MQ_Base 136 A, . . . , 136 N may indicate a starting address of the virtually contiguous memory in virtual memory space 114 that is allocated to a given management queue 120 A, . . . , 120 N. MQ_Size 138 A, . . . , 138 N may indicate a size capacity of the management queue 120 A, . . . , 12 N. The size capacity of a management queue 120 A, . . . , 120 N may be measured by the number of MQEs that the management queue 120 A, . . . , 120 N can store. These values may be initialized upon creation of the management queue 120 A, . . . , 120 N. Furthermore, these values may be modified upon resizing the management queue 120 A, . . . , 120 N (to be discussed).
MQ_Write 132 A, . . . , 132 N may indicate a virtual address to which an MQE 202 , 204 , 206 , 208 , 210 , 212 may be written in a management queue 120 A, . . . , 120 N. MQ_Write 132 A, . . . , 132 N may be incremented (e.g., by one or more) each time an MQE 202 , 204 , 206 , 208 , 210 , 212 is written to the management queue 120 A, . . . , 120 N. In one embodiment, MQ_Write 132 A, . . . , 132 N may comprise an index to an entry in the management queue 120 A, . . . , 120 N, where the index may be used to obtain a corresponding virtual address in the management queue 120 A, . . . , 120 N. For example, a virtual address, V_Address, in the management queue 120 A, . . . , 120 N corresponding to an index, I (e.g., between 0 and (MQ_Size)-1), indicated by MQ_Write 132 A, . . . , 132 N may be generated using the following equation:
V _Address[ I]= MQ_Base+ I*[ MQE_Size].
MQ_Read 134 A, . . . , 134 N may indicate a virtual address from which an MQE 202 , 204 , 206 , 208 , 210 , 212 may be read in the management queue 120 A, . . . , 120 N. MQ_Read 134 A, . . . , 134 N may be incremented (e.g., by one or more) each time an MQE 202 , 204 , 206 , 208 , 210 , 212 is read from the management queue 120 A, . . . , 120 N. In one embodiment, MQ_Read 134 A, . . . , 134 N may comprise an index to an entry in the management queue 120 A, . . . , 120 N, where the index may be used to obtain a virtual address in the management queue 120 A, . . . , 120 N. For example, a virtual address, V_Address, in the management queue 120 A, . . . , 120 N corresponding to an index, I (e.g., between 0 and (MQ_Size)−1), indicated by MQ_Read 134 A, . . . , 134 N may be generated using the following equation:
V _Address[ I]= MQ_Base+ I*[ MQE_Size].
Each device driver 116 A, . . . , 116 N may control one or more devices 108 A, . . . , 108 N, and may also maintain management queue context 130 A, . . . , 130 N for each device 108 A, . . . , 108 N. A device 108 A, . . . , 108 N may comprise an I/O device, such as a network controller. For example, network controller may comprise an Ethernet controller, or Infiniband™ adapter. An Ethernet controller is a device that controls the transfer of data from a computer to a peripheral device over the Ethernet. The Ethernet is set forth in the IEEE (Institute for Electrical and Electronics Engineers) 802.3 standard, published by the IEEE located at 1828 L Street, N.W., Suite 1202, Washington, D.C., 20036-5104. The IEEE 802.3 standard is specification that describes the implementation of the physical and data link layers of the OSI (Open Systems Interconnect) Reference Model.
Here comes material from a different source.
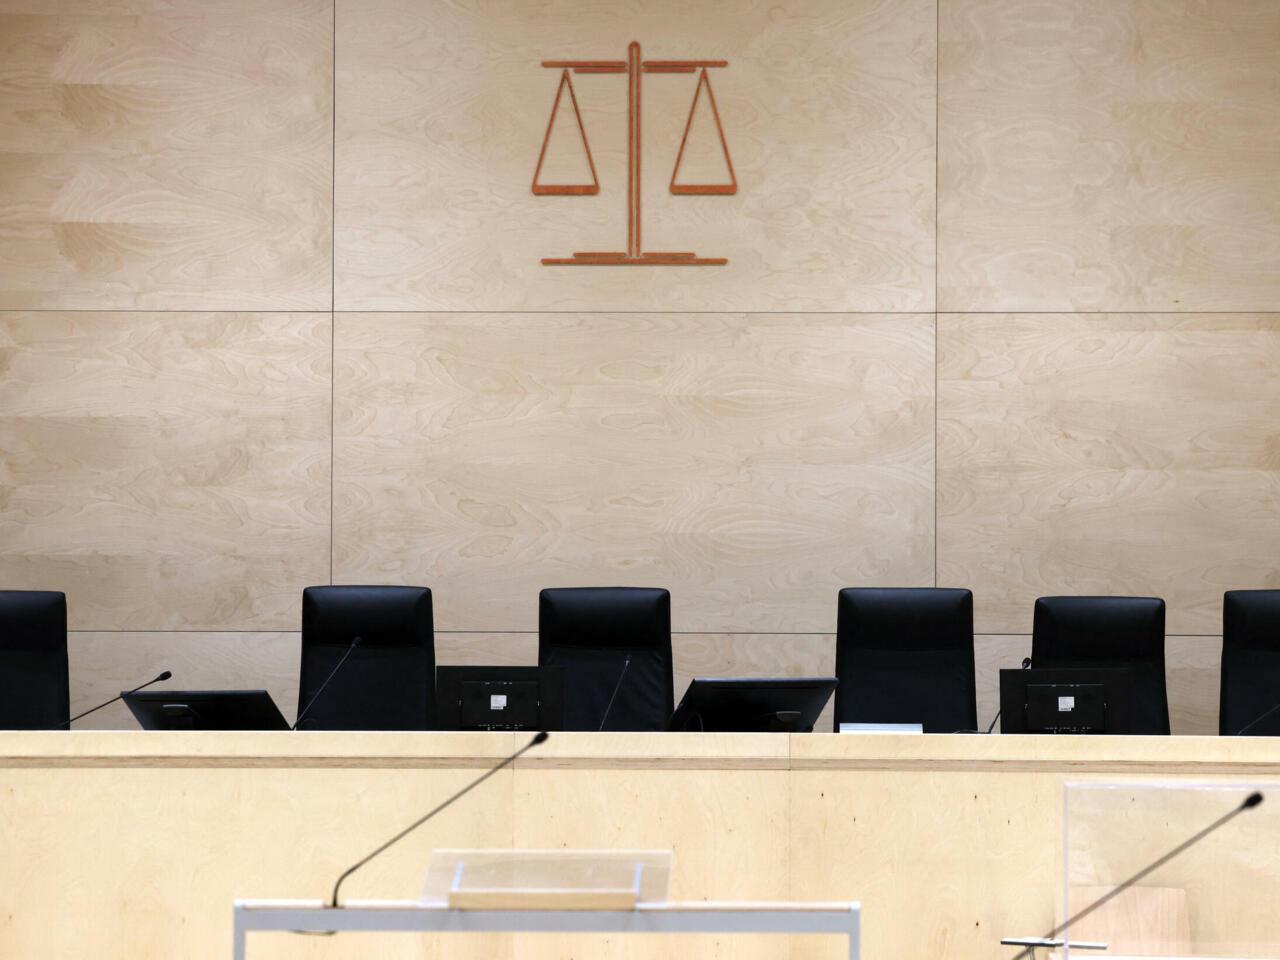 1800 истцов, 300 адвокатов — как будет проходить исторический суд по делу о  парижских терактах

An Infiniband™ adapter is circuitry that enables the lnfiniband™ architecture to be supported. Infiniband™ is an architecture and specification for data flow between processors and I/O devices. The Infiniband™ architecture is set forth in “Infiniband™ Architecture Specification”, Volume 1 and Volume 2, Release 1.1, dated Nov. 6, 2002, published by the Infiniband™ Trade Association located at 5440 SW Westgate Drive, Suite 217, Portland, Oreg., 97221.
In one embodiment, network controller may comprise an RNIC (RDMA—Remote Direct Memory Access—Network Interface Card). RNIC is described in, for example, “RNIC Interoperability” by J. Carrier and J. Pinkerton, in an Internet Draft dated November 2004, published by the Internet Engineering Task Force (IETF). An RNIC may comprise queue pairs (hereinafter “QP's”). “QP's” refer to resources that may be used by a system to manage RNIC operations. Each QP may comprise two management queues: a receive queue (hereinafter “RQ”), and a send queue (hereinafter “SQ”). An RNIC device driver may use RQ's and SQ's to enqueue management queue elements to the RNIC. In one embodiment, each RQ and each SQ may comprise a management queue 120 A, . . . , 120 N.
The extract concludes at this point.